- **Problem details**: Drop the pictures and restate the rest of the listing word for word.

- **Information supplied**:

┄┄┄┄┄┄┄┄┄┄┄┄┄┄┄┄┄┄┄┄

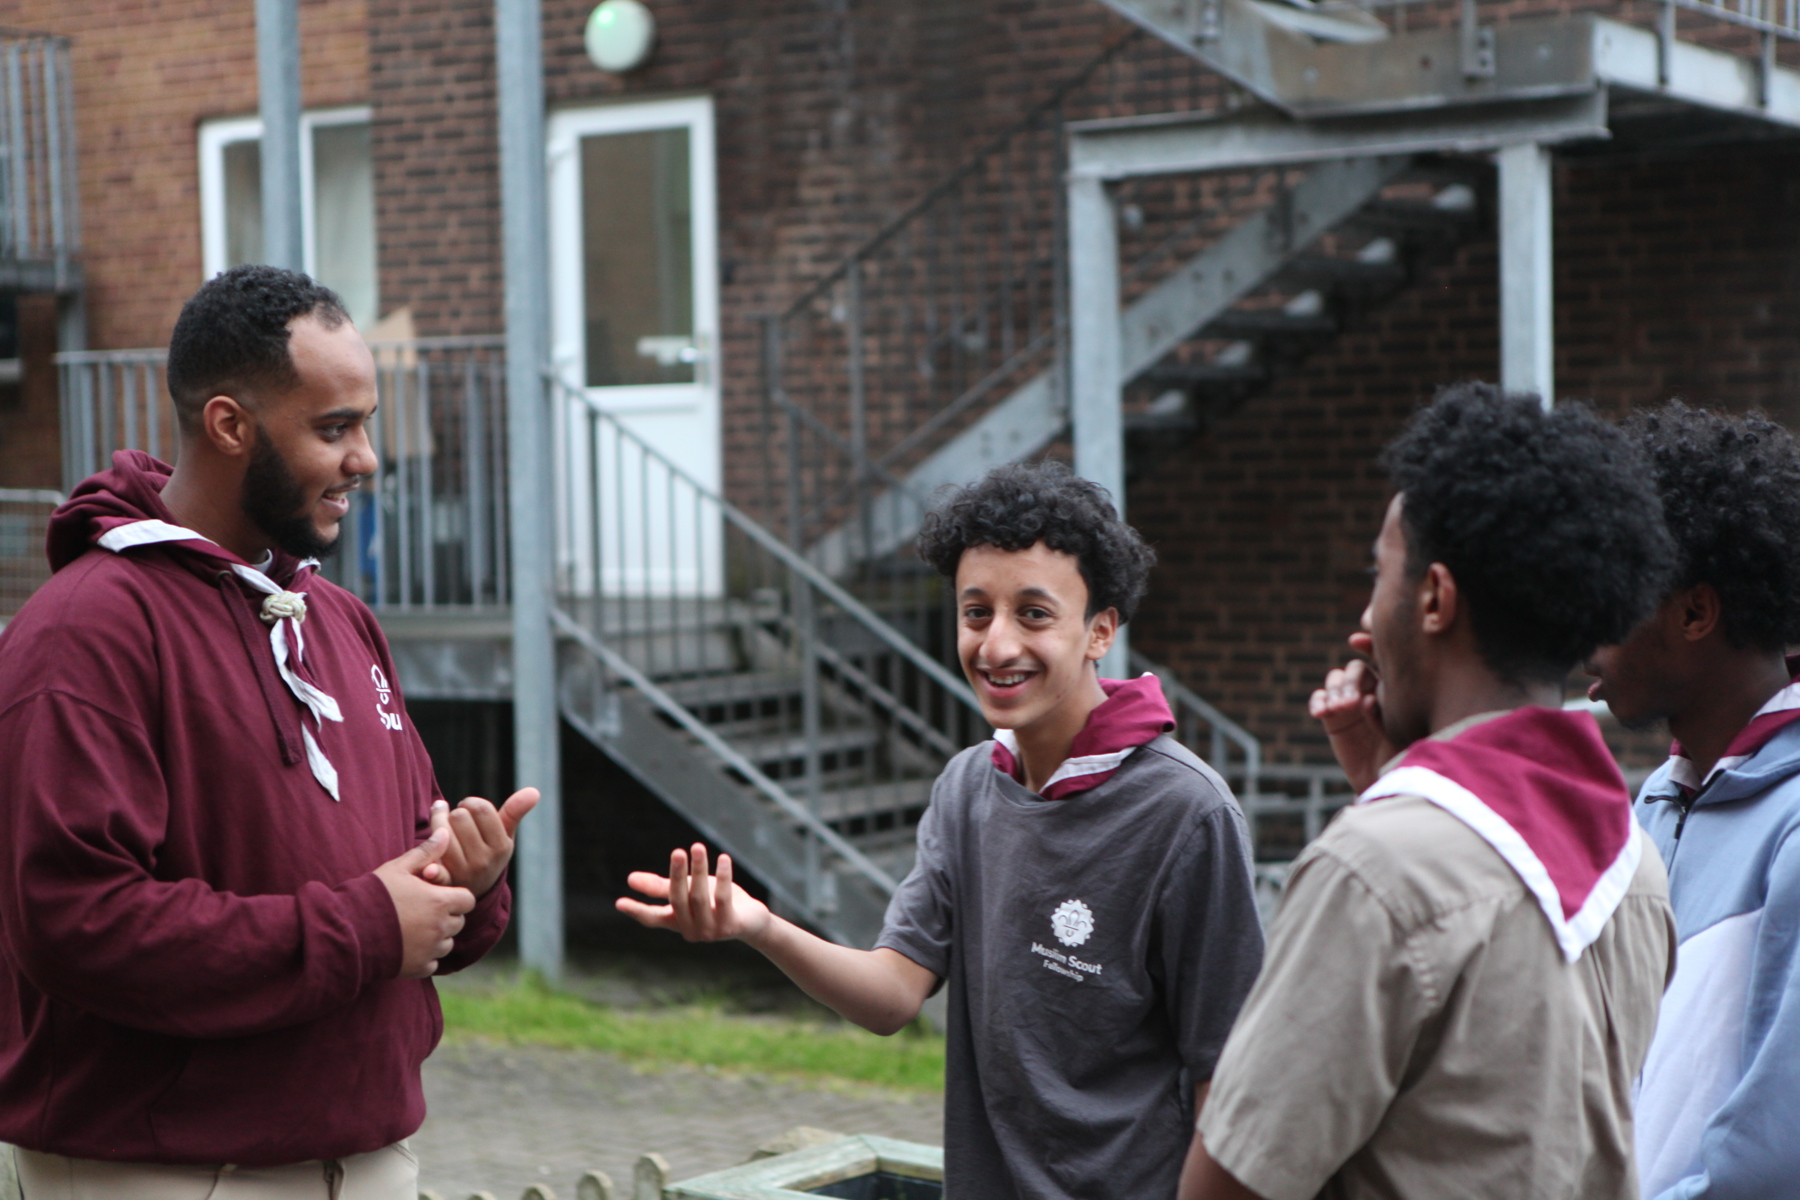 A Scout volunteer talking to three Scouts outside the building
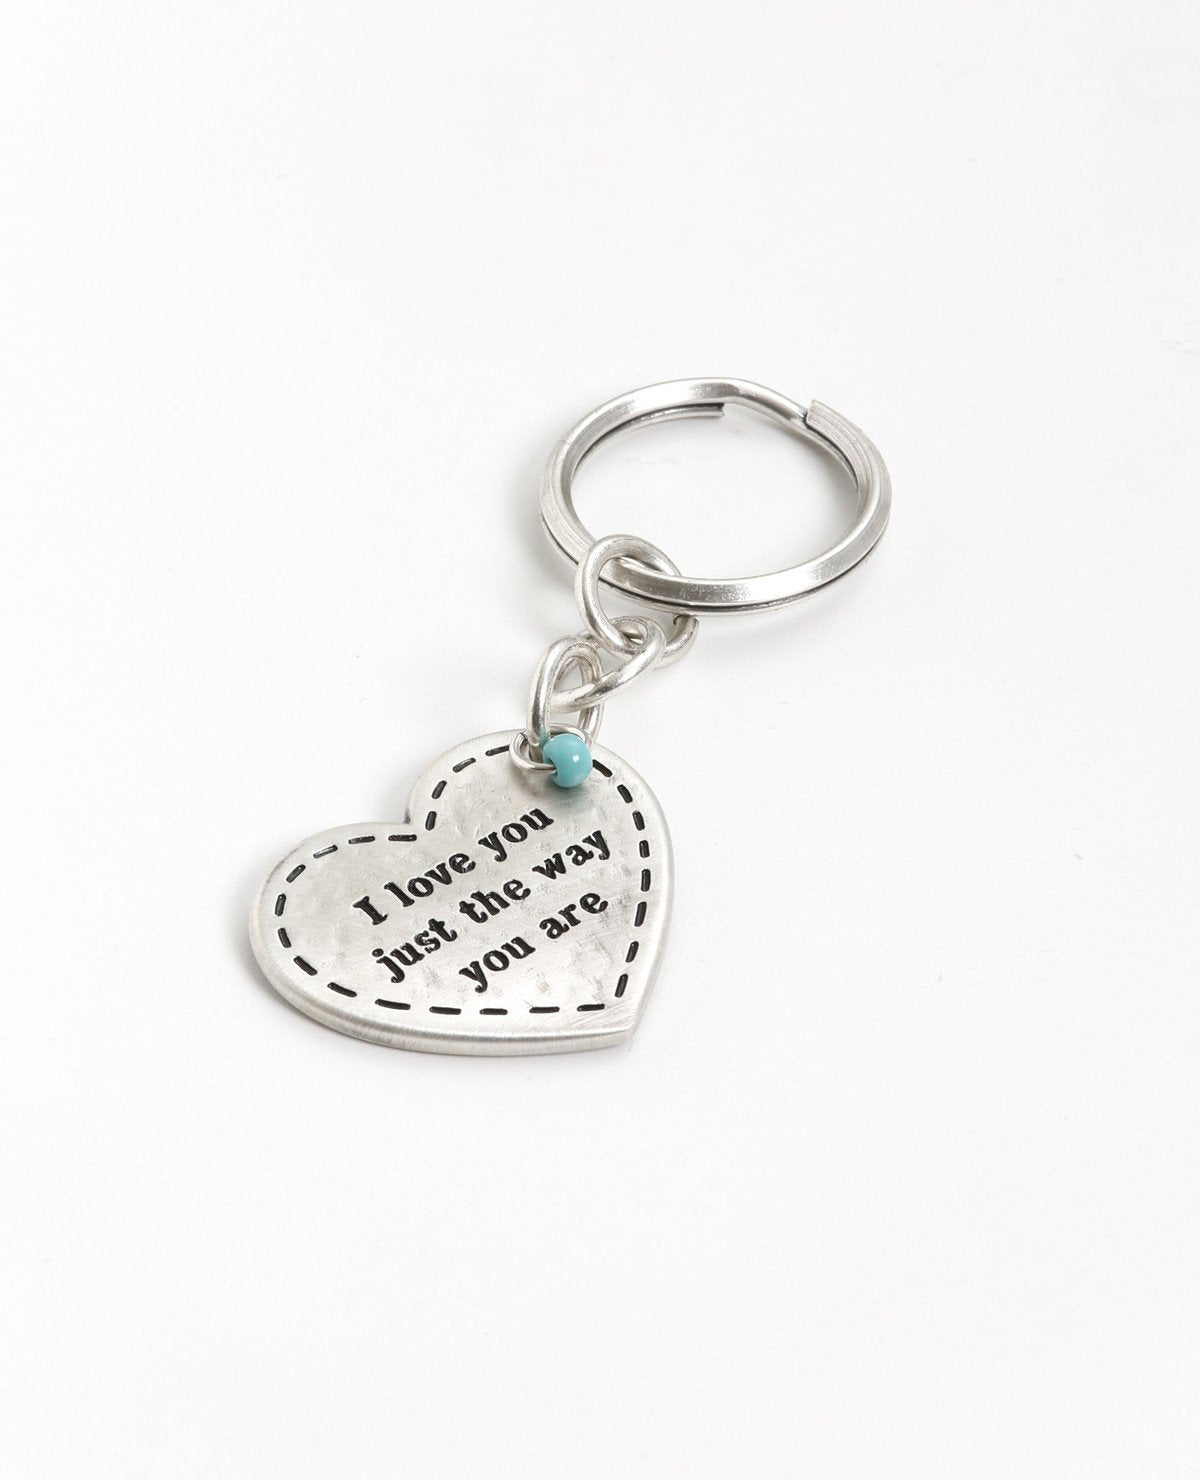 As romantic as it gets! For him and for her. A charming keychain in the shape of a decorated heart with the words "I love you just the way you are" written on one side. On the other side the word "Love" is written in different languages. At the top of the heart hangs a small turquoise colored bead. The keychain is coated in sterling silver and is strong and reliable. Can you think of anything more romantic to give to him or her? Is there anything beyond accepting our loved ones exactly as they are? 
Comes a
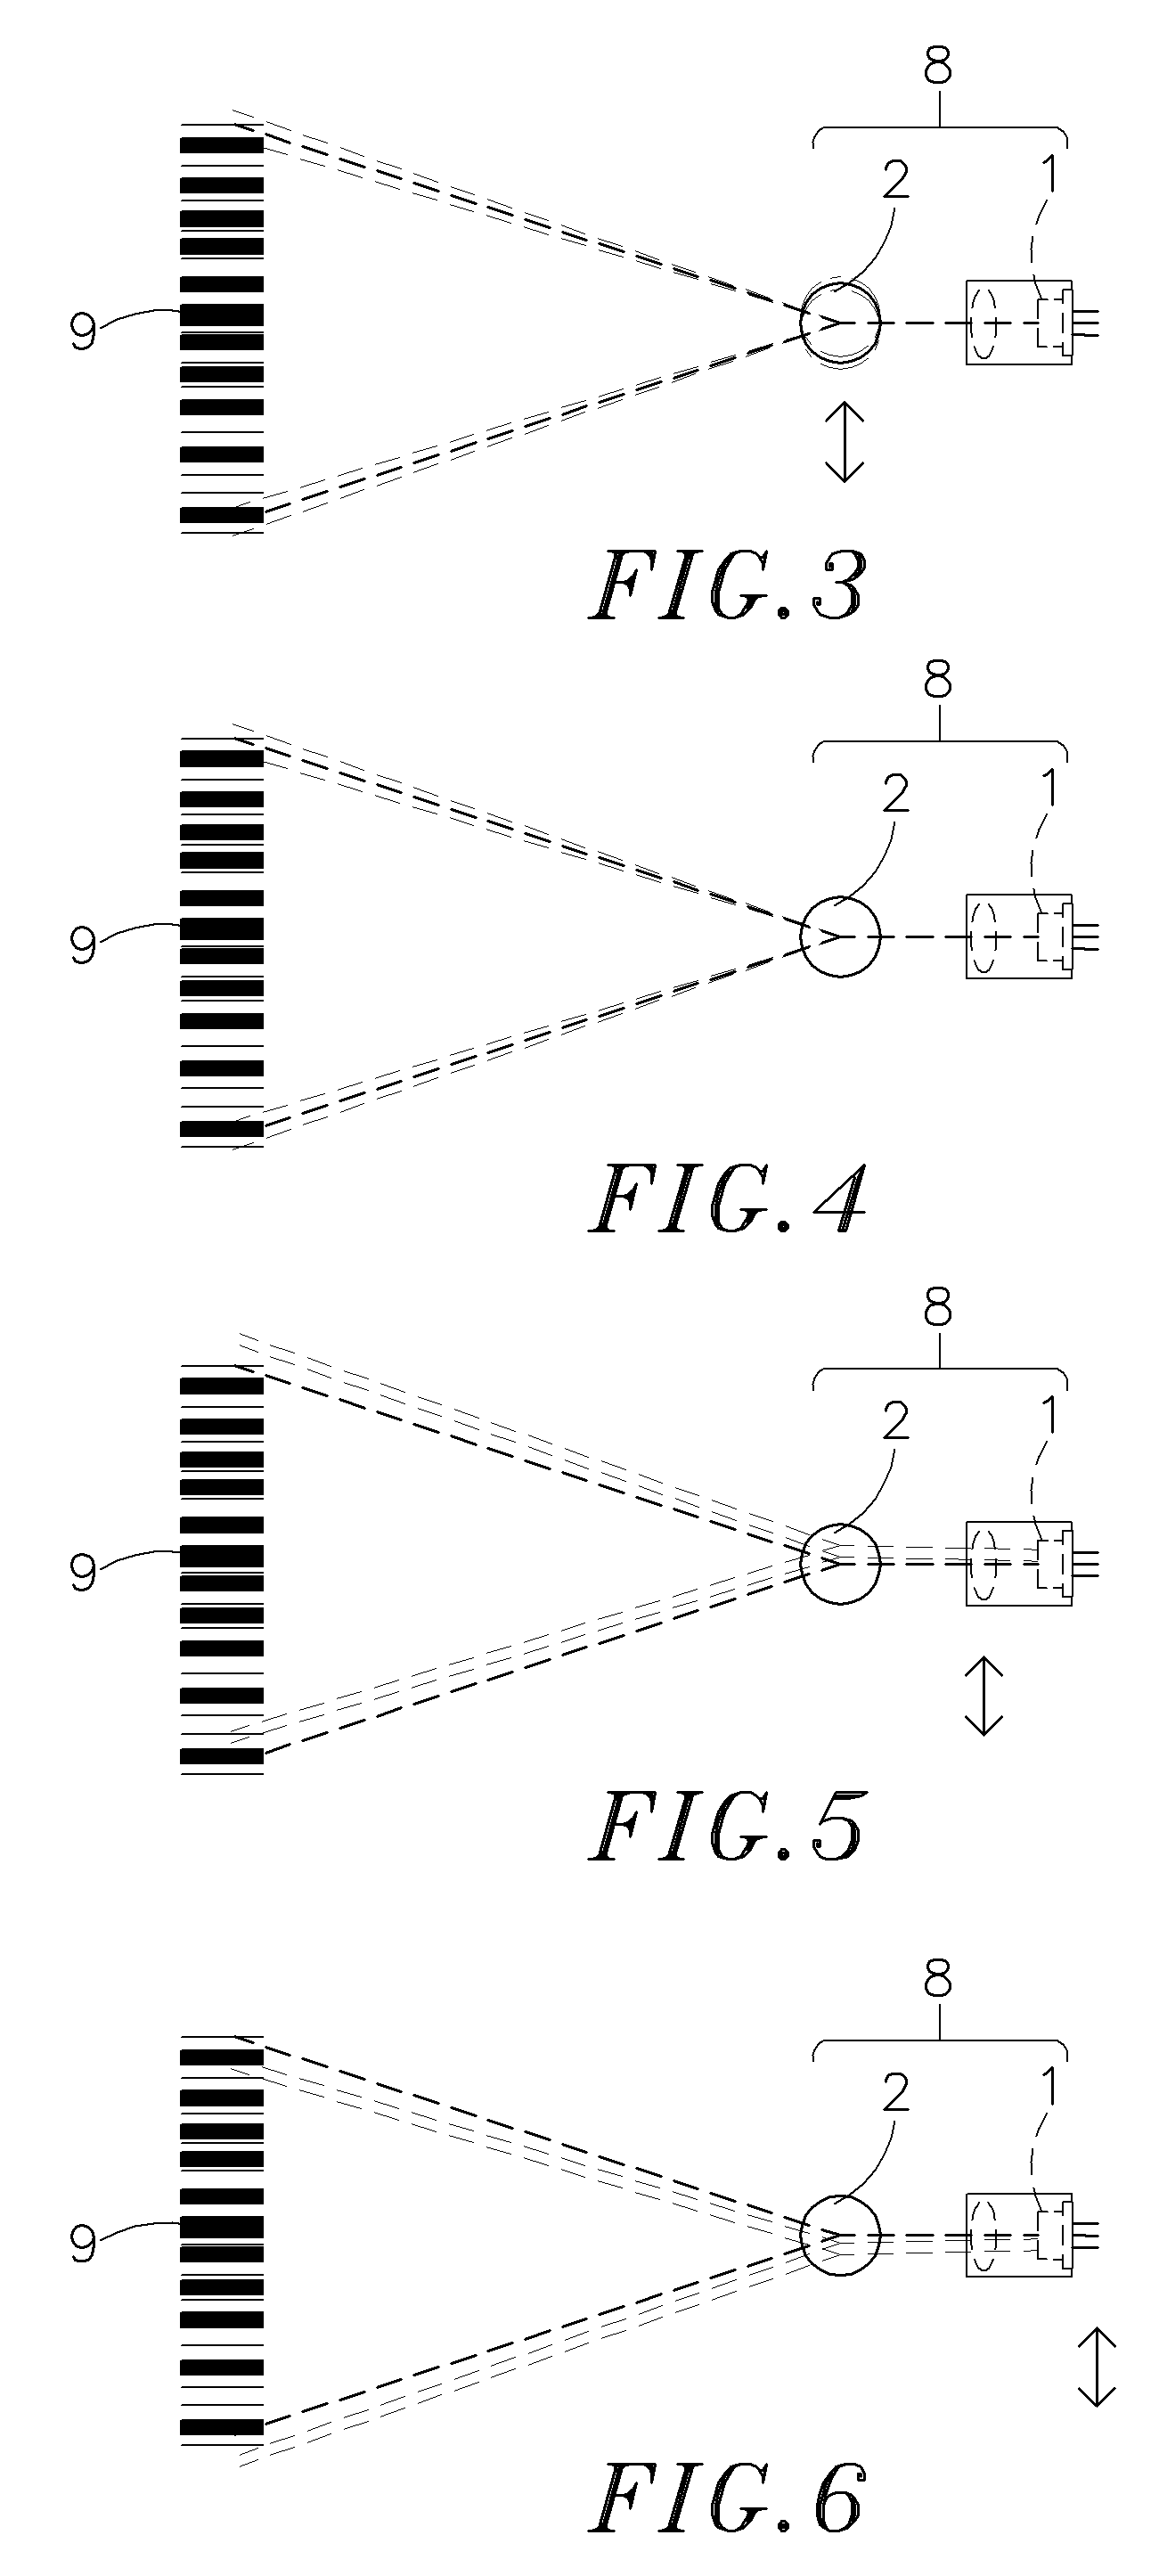 Optical system for barcode scanner

┄┄┄┄┄┄┄┄┄┄┄┄┄┄┄┄┄┄┄┄

- **Response for this exercise**:
 A Scout volunteer talking to three Scouts outside the building
 As romantic as it gets! For him and for her. A charming keychain in the shape of a decorated heart with the words "I love you just the way you are" written on one side. On the other side the word "Love" is written in different languages. At the top of the heart hangs a small turquoise colored bead. The keychain is coated in sterling silver and is strong and reliable. Can you think of anything more romantic to give to him or her? Is there anything beyond accepting our loved ones exactly as they are? 
Comes a
 Optical system for barcode scanner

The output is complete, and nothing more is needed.